Hence when an active partner wishes to retire from the firm he must give a public notice about
the same. This will absolve him of the acts done by other partners after his retirement. Unless
he gives a public notice he will be liable for all acts even after his retirement.

• Dormant/Sleeping Partner

This is a partner that does not participate in the daily functioning of the partnership firm, i.e. he
does not take an active part in the daily activities of the firm. He is however bound by the action
of all the other partners.

He will continue to share the profits and losses of the firm and even bring in his share
of capital like any other partner. If such a dormant partner retires, he need not give a public
notice of the same.

• Nominal Partner

This is a partner that does not have any real or significant interest in the partnership. So, in
essence, he is only lending his name to the partnership. He will not make any capital
contributions to the firm, and so he will not have a share in the profits either. But the nominal
partner will be liable to outsiders and third parties for acts done by any other partners.

• Partner by Estoppel

A partner by estoppel is a person who gives an impression to others that he/she is a partner of
the firm through his/her own initiative, conduct or behaviour. This basically means that even
though such a person is not a partner he has represented himself as such, and so he becomes
partner by estoppel or partner by holding out.

• Partner in Profits Only

This partner will only share the profits of the firm, he will not be liable for any liabilities.

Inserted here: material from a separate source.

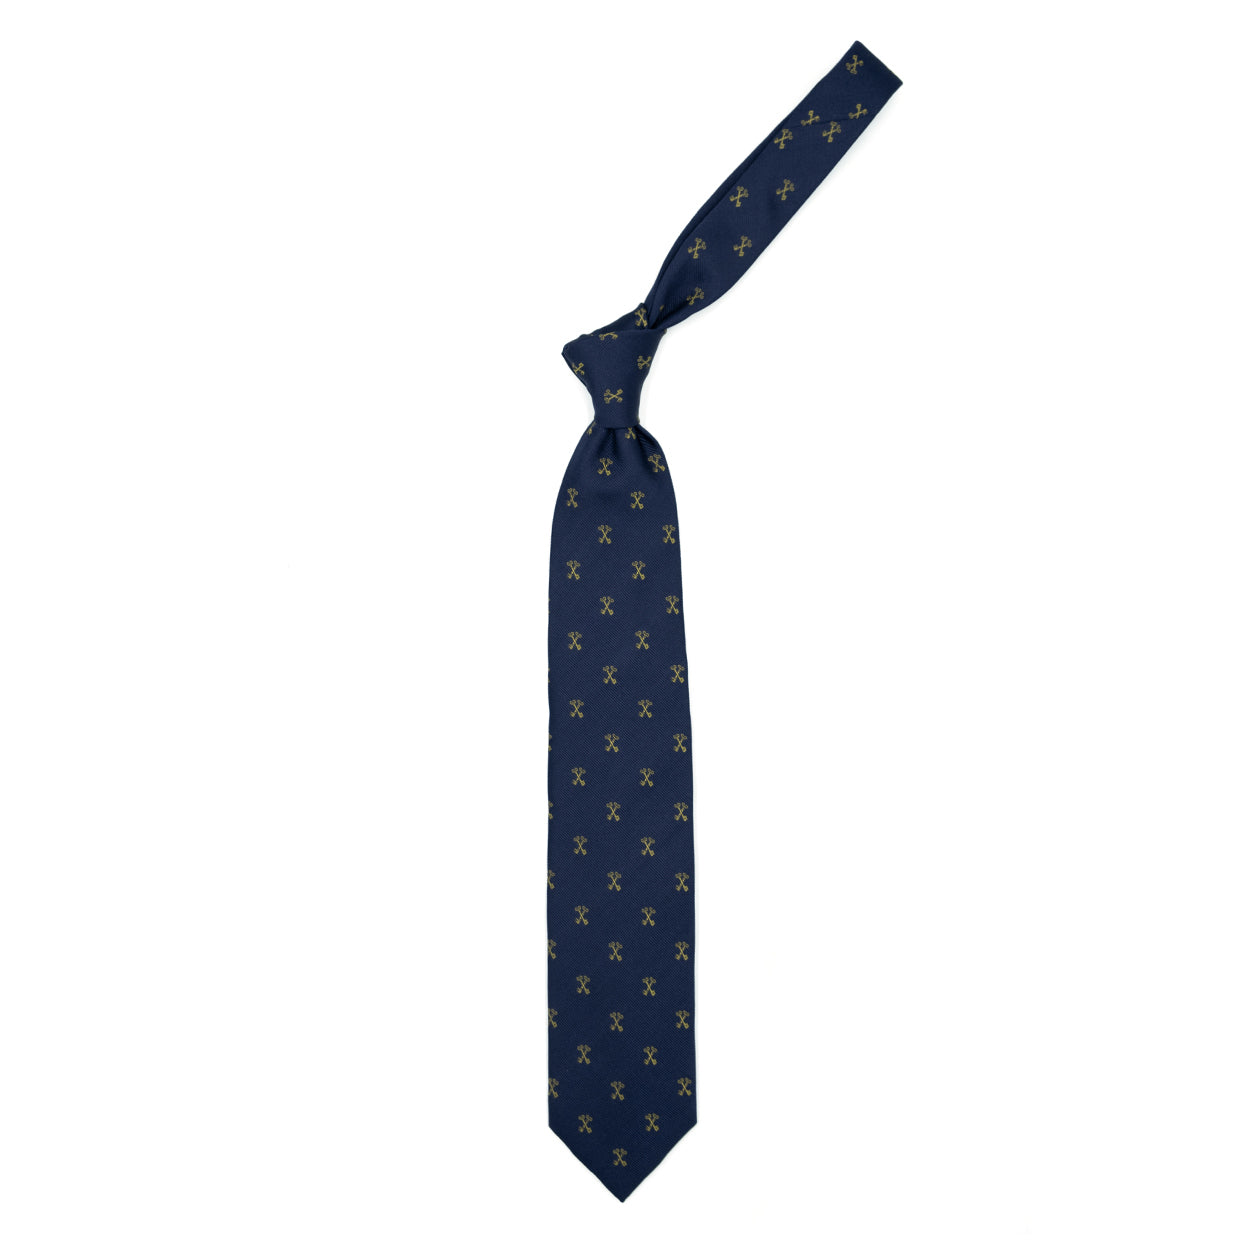 Cravatta blu con chiavi dorate

Even
when dealing with third parties he will be liable for all acts of profit only, he will share none of
the liabilities.

• Minor Partner

A minor cannot be a partner of a firm according to the Contract Act. However, a partner can be
admitted to the benefits of a partnership if all partner gives their consent for the same. He will
share profits of the firm but his liability for the losses will be limited to his share in the firm.

Such a minor partner on attaining majority (becoming 18 years of age) has six months to decide
if he wishes to become a partner of the firm. He must then declare his decision via a public
notice. So, whether he continues as a partner or decides to retire, in both cases he will have to
issue a public notice.
Frequently Asked Questions on Partnership

Q1 What are the 3 types of partnership


The three different types of partnership are:

1. General partnership
2. Limited partnership
3. Limited liability partnerships

Q2 What are 5 characteristics of a partnership?


The following are the five characteristics of a partnership:

1. Sharing of profits and losses


2. Mutual agency
3. Unlimited liability
4. Lawful business
5. Contractual relationship

Q3 What are 3 disadvantages of a partnership?


The following are the disadvantages of a partnership:

1. Unlimited liability
2. Risk of disagreement between partners
3. Instability of the partnership

Q4 What is the most important element of partnership?


The most important element in a partnership is the mutual agency, which states that every
partner must be an agent and principal of himself and other partners. It says that business must
be carried on by any or all of the partners.